I've purchased 2 signature guitars, but neither due to the actual artist... First was a Yamaha SA503 TVL (Troy Van Leeuwen) - I didn't even know who Troy Van Leeuwen was, but the guitar had a Bigsby and 3 P90s which happened to be what I was looking for at the time (2 P90s would have been plenty actually).
The second was a EBMM JP6 with piezo... Had been looking at a EBMM Silhouette Special with piezo when the JP6 came up used, but in mint condition, on eBay so I pulled the trigger.
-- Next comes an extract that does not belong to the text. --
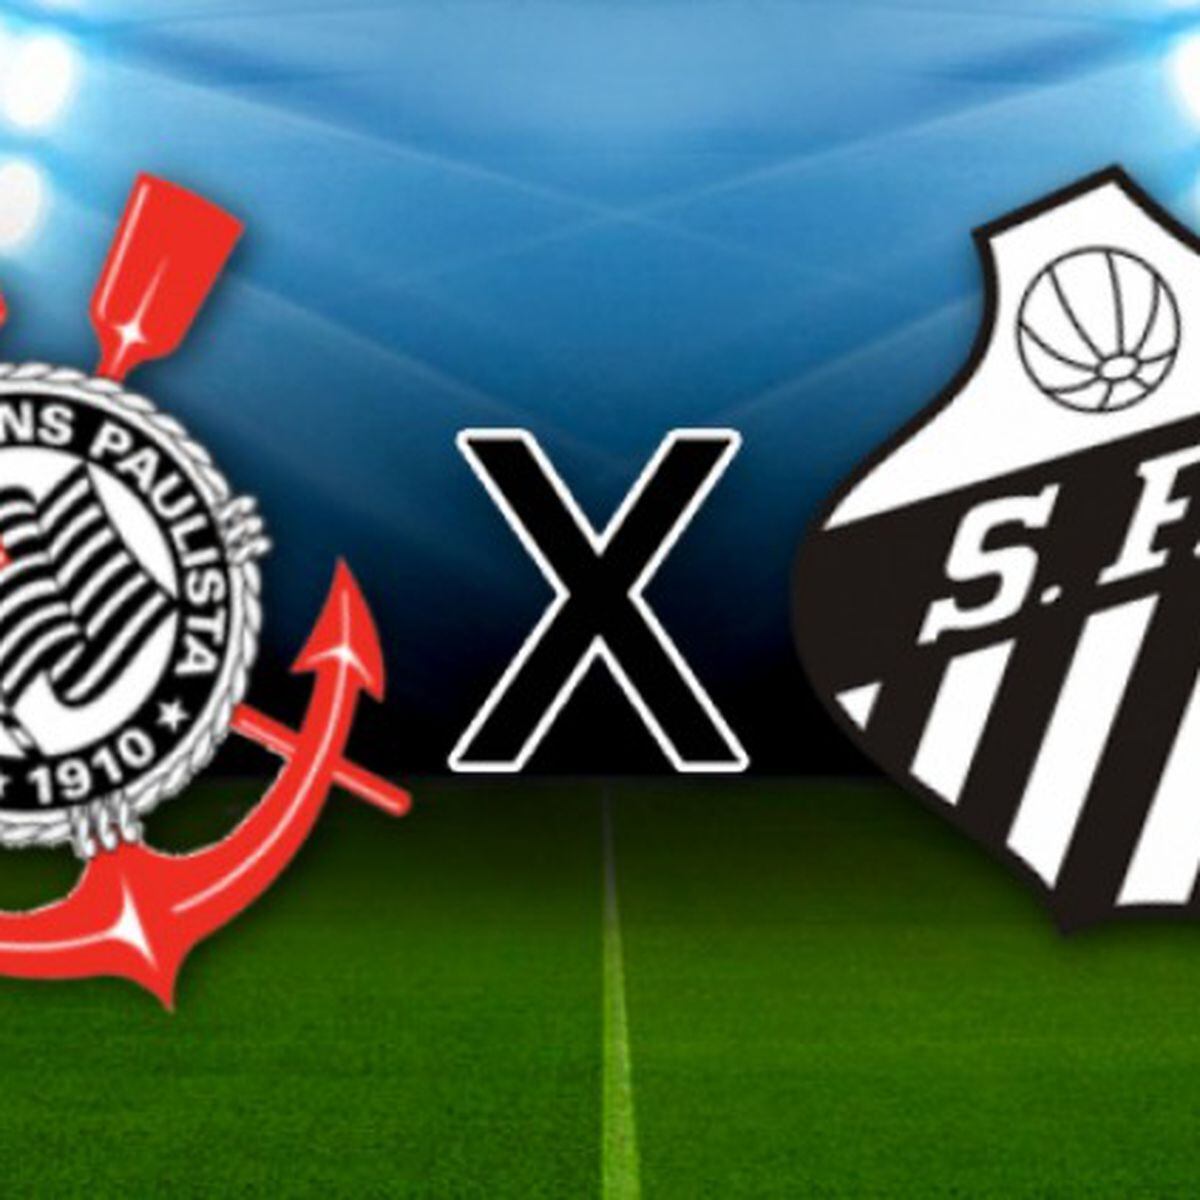 Corinthians x Santos - AO VIVO - 29/10/2023 - Campeonato Brasileiro

For the most part I wouldn't go out specifically looking to buy a guitar simply because it's a signature model. In the case of my Yamaha, they don't make a similarly equipped guitar that isn't the TVL signature model (not sure if they offer one now).

Cheers,
Joe


----------



## Maxer (Apr 20, 2007)

Nope. It would have to be either given to me or be really cheap. I just don't want a guitar that's supposedly strongly affiliated with a particular guitarist. I'm trying to sound more like me, not anyone else.


----------



## kazzelectro (Oct 25, 2007)

Hi
I was really interested in buying a SRV sig Strat and then almost bought a Martin Eric Clapton model...but the more I pursued it the more I started to wonder why I wanted somebody elses name on MY guitar. Now I am quite against the idea and I don't think I'd ever buy one unless it was an absolute steal money making flip of a deal.


----------



## naisen (Nov 25, 2009)

I installed a nice new fender logo'd neck on my old pacifica this last weekend.. instant Leo Fender sig!


----------



## GuitarsCanada (Dec 30, 2005)

Some interesting comments here. I have my Heritage Gary Moore, which I think I will always have simply becuase its the best sounding guitar I have ever had. But I have also had the Jeff Beck and Clapton strats. I never really even thought about the names on them, just that they were great guitars. Never came into play as to whether to buy them or not. I really dont care if it has someone name on it or not. To me its the same as a model name like RG350 or SE120 or whatever the hell you want to stick on there


----------



## ne1roc (Mar 4, 2006)

Guilty! 
1-MM JP6
1-MM Albert Lee
3- EVH Wolfgang's

Signature guitars are not about sounding like someone else. They are about having features, not available on standard guitars. Sure you can go out and build yourself a custom guitar and try incorporate some of those special features into the guitar, but it will cost you a heck of a lot more then an off the shelf signature guitar. Signature guitars are worth the price IMO. They've done well for me.


----------



## 4345567 (Jun 26, 2008)

__________


----------



## lbrown1 (Mar 22, 2007)

not too interested in any sig guitar here......I mean really - who wants to be standing up there playing away on an SRV sig guitar and sound nothing like SRV.....I find the whole thing a little contrived and strange


----------



## rollingdam (May 11, 2006)

I own the Elvis Costello Jazzmaster-I am not a fan of his other than the Spectacle show but I loved the dark brown finish on this model. It is a unique guitar to get used to and play.


----------



## Powdered Toast Man (Apr 6, 2006)

Interesting thread!

I've seen some sig models where I don't even know who the artist is, but it'll have great features and/or finish which makes it an attractive instrument. I don't think I would want to buy most signature instruments due to the mental accociation with that artist. I feel like if I was going to buy it, I'd have to be a pretty die hard fan. I mean, how weird would it be to own a sig guitar and yet not even know how or want to know how to play that artist's songs. 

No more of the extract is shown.